Joan has heard about Medicaid benefits for nursing homes, but doesn’t want her mother left destitute in order for Harold to qualify for them. Joan wants to ensure that her father’s medical needs are met, but she also wants to preserve Mildred’s assets. Joan and Mildred wonder if Mildred can just give her money away to Joan as a gift, so that she doesn’t lose it when Harold applies for Medicaid. Joan asks, “Can’t my mother give away $13,000 a year?” That way Joan could keep the money for Mildred to meet Mildred and Harold’s future needs.
Joan has confused general estate and gift tax laws with the issue of asset transfers and Medicaid eligibility. The Federal Gift Tax provision allows people to give away $13,000 per donee per year without having to file a gift tax return. What they do not know is that this refers to a Gift Tax exemption. It has nothing to do with Medicaid. A “gift” to a child in this case is actually a transfer and Medicaid has very specific rules about transfers.

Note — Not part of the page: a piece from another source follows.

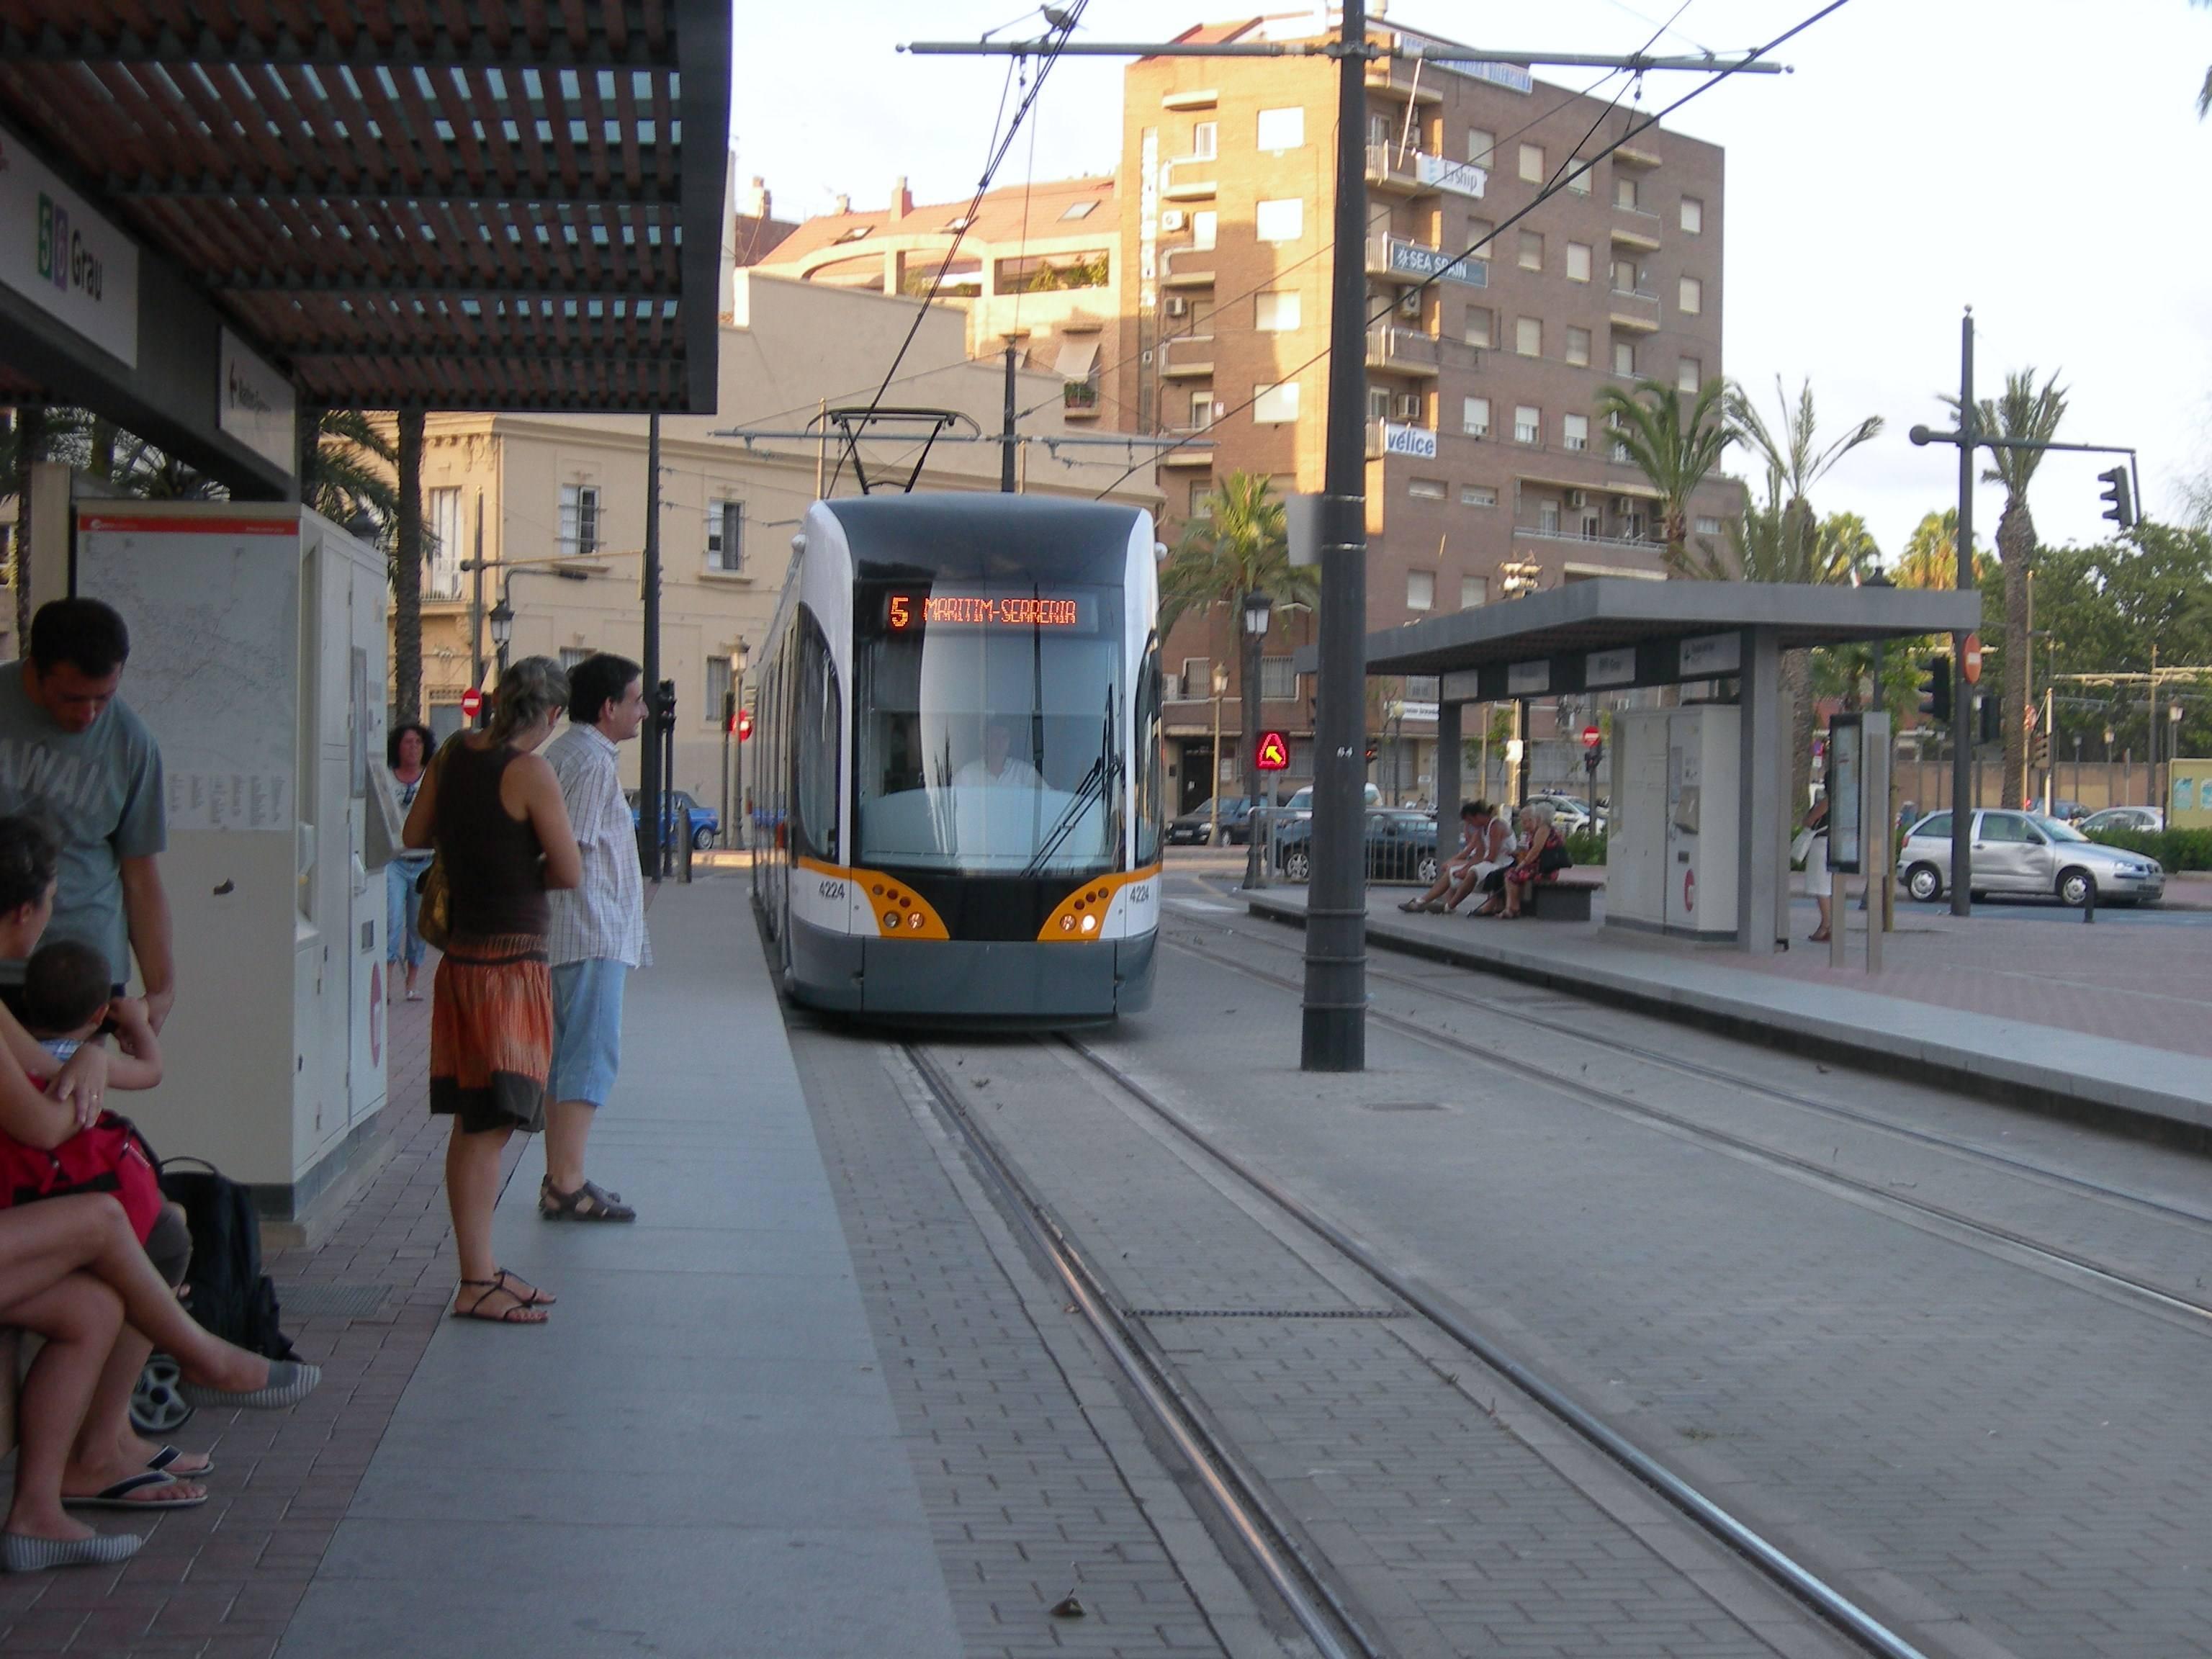 Путеводитель по испанскому региону валенсия: как добраться и что посмотреть в регионе

At the time Harold applies for Medicaid, the state will “look back” five years to see if any gifts have been made. The state does not let you just give away your money or your property to qualify for Medicaid. Any gifts or transfers for less than fair market value that occurred during the look-back period will cause a delay in Harold’s eligibility for Medicaid.
So what can Harold and Mildred do? They may be able to institute a gifting program, save a good portion of their estate and still qualify for Medicaid. But they have to set it up just right; the rules are very nit-picky. You should consult a knowledgeable advisor on how this may be done.